The tighter the radius, the more likely a derailment will occur. If it is ONLY derailing in your 18R curves, that may be the culprit. 

Did you ask BLI what the min recommended radius is for that new engine?


----------



## CTValleyRR (Jul 26, 2014)

The golden rule of derailment troubleshooting: if everything derails at the same spots, think "track problem".

If only one loco derails, think "loco problem".

When you get a combination -- only one loco or one type of loco derails at the same spot every time -- think "some very tiny problem with the track that only affects this particular loco."

Since this is your longest (IIRC), it may be that the curve is too tight, so the pilot starts into the turn, then when the drivers come into the curve it forces the pilot back straight.

Check to make sure your pilot truck is able to pivot fully (no details blocking the swing, or overtight mounting screws). Also, does the wheel ride UP and over the rail, or does it pass over cleanly? If the latter, likely your track is low on one side.


----------



## MtRR75 (Nov 27, 2013)

CTValleyRR said:


> Check to make sure your pilot truck is able to pivot fully (no details blocking the swing, or overtight mounting screws). Also, does the wheel ride UP and over the rail, or does it pass over cleanly? If the latter, likely your track is low on one side.


In addition to checking the left-right swing on the front truck, make sure that the mounting screw is loose enough that the truck can tilt slightly from side to side to allow for uneven tracks.

Also, check the spacing between the wheels with an NMRA gauge to make sure that the wheels exactly the correct distance from each other.

Another idea -- move the train very slowly just up to the spot where it is about to begin to derail, but has not done so, yet. Take a toothpick and gently nudge the truck sideway from both sides -- to see how much the truck shifts sideways. If the truck is loose, then either the wheels are two narrow, or track is too wide (also can be checked with NMRA gauge). If the truck is tightly bound between the two rails, then either the wheels are too wide or the track is too narrow.

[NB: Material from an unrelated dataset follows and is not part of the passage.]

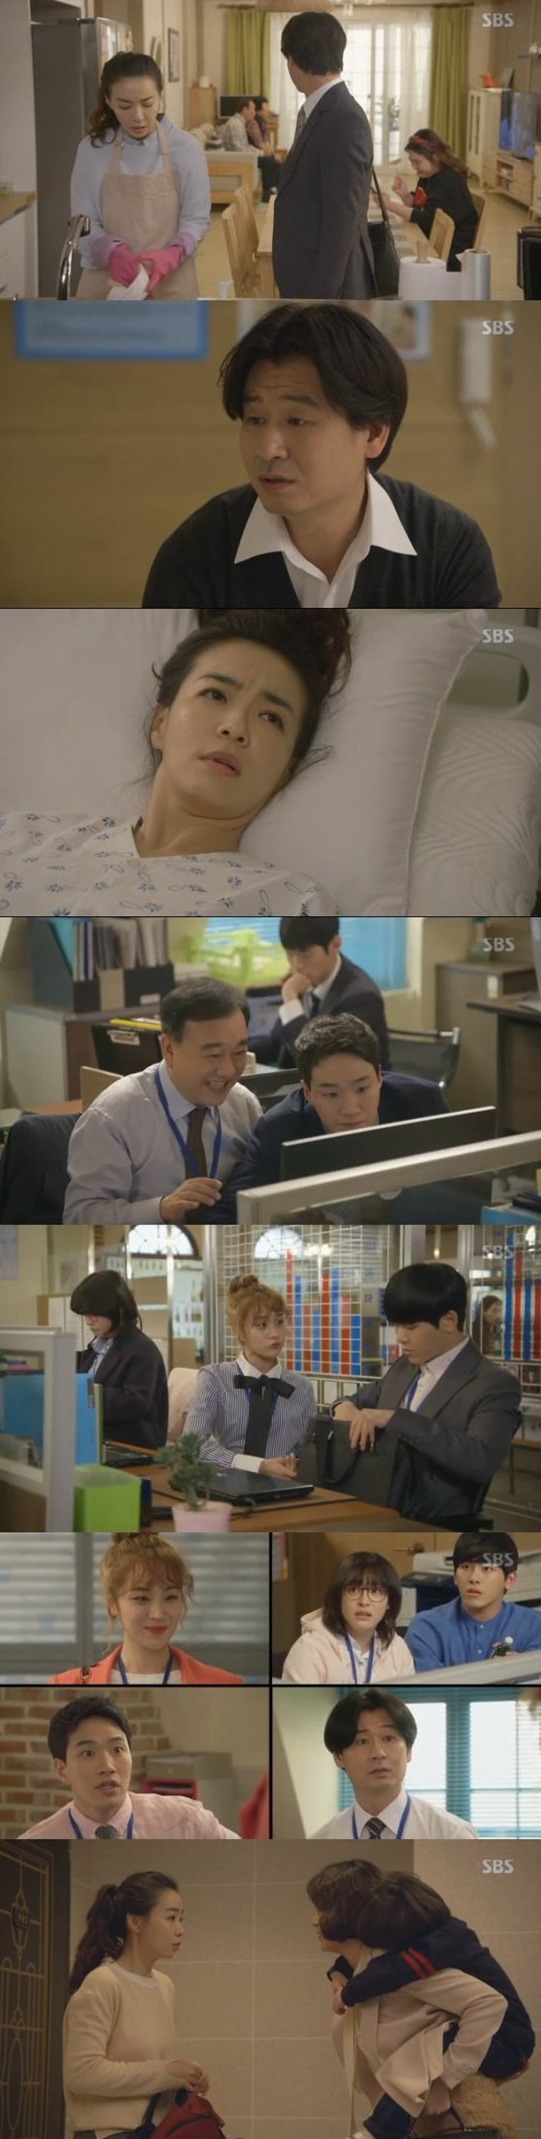 episode 11 captures for the Korean drama 'Strong Family'

One more idea -- uncommon, but it happened to me. Turn the loco upside down, and gently push the truck sideways back and forth and look for something that might be causing the truck to hang up and not swing freely. In my case (different loco from yours), the spring that pushed the truck down onto the tracks was catching on a burr at the edge of a recessed screw hole.


----------



## Bkubiak (Oct 20, 2013)

MtRR75 said:


> In addition to checking the left-right swing on the front truck, make sure that the mounting screw is loose enough that the truck can tilt slightly from side to side to allow for uneven tracks.
> 
> Also, check the spacing between the wheels with an NMRA gauge to make sure that the wheels exactly the correct distance from each other.
> 
> ...


Here is the track, it derails at the electric connection


----------



## Old_Hobo (Feb 20, 2014)

Duplicate post


----------



## Old_Hobo (Feb 20, 2014)

Clearly that outside rail is not smooth at that joint.....the inside is questionable too......at least from those photo angles....


----------



## DonR (Oct 18, 2012)

There are two things that caught my eye about the joint.

1. The solder INSIDE the rails. It is possible the wheel
flanges are riding up on it.
2. There is an ever so tiny kink at the joint. (although it
is much better than a couple of mine). One rail seems
to have a very slight lateral offset where it joins.

Hypersensitive wheels trip on these kinds of things and those
that lead truck would go into that category in my opinion.

I know it's not a happy thing to consider, but I would move
the solder to the outside of the rails. Pin the track in
several places either side of the joint so it stays correct when you resolder.
That will help you can take away that tiny kink.

Then if you are successful with these fixes you can come fix
mine.

Don


----------



## Bkubiak (Oct 20, 2013)

CTValleyRR said:


> The golden rule of derailment troubleshooting: if everything derails at the same spots, think "track problem".
> 
> If only one loco derails, think "loco problem".
> 
> ...


Here is the loco approaching the derail spot


----------



## DonR (Oct 18, 2012)

The loco coupler is riding outside of the outer rail.
There is extreme deflection by the loco main frame
as related to the lead truck.

In my opinion, that puts extra pressure on the truck wheel
flanges. When they get to the joint with the inside
solder and that ever so slight kink they can't hold
the track.

Since the lead truck wheels stay with the curve until they get to
the joint, the indication to me is that the the joint itself is
causing the derail. Redo it with the solder removed from
the inside of the rails and iron out that tiny kink and
that beautiful loco will be a happy fella.

Don


----------



## dave2744 (Dec 18, 2014)

Bkubiak - Old Hobo is correct, unless it is an optical illusion of the photo. It appears the radius of the curved section is not matching up to the transition to the straight (tangent) section. I've heard of this being called "cheating on the the curve" in order to make the trackwork fit. I am positive your loco is reacting to this as a "too sharp a radius, thus the derail. Take another piece of section radius, and lay over the joint in question. I think you will see the problem right away. Dave K.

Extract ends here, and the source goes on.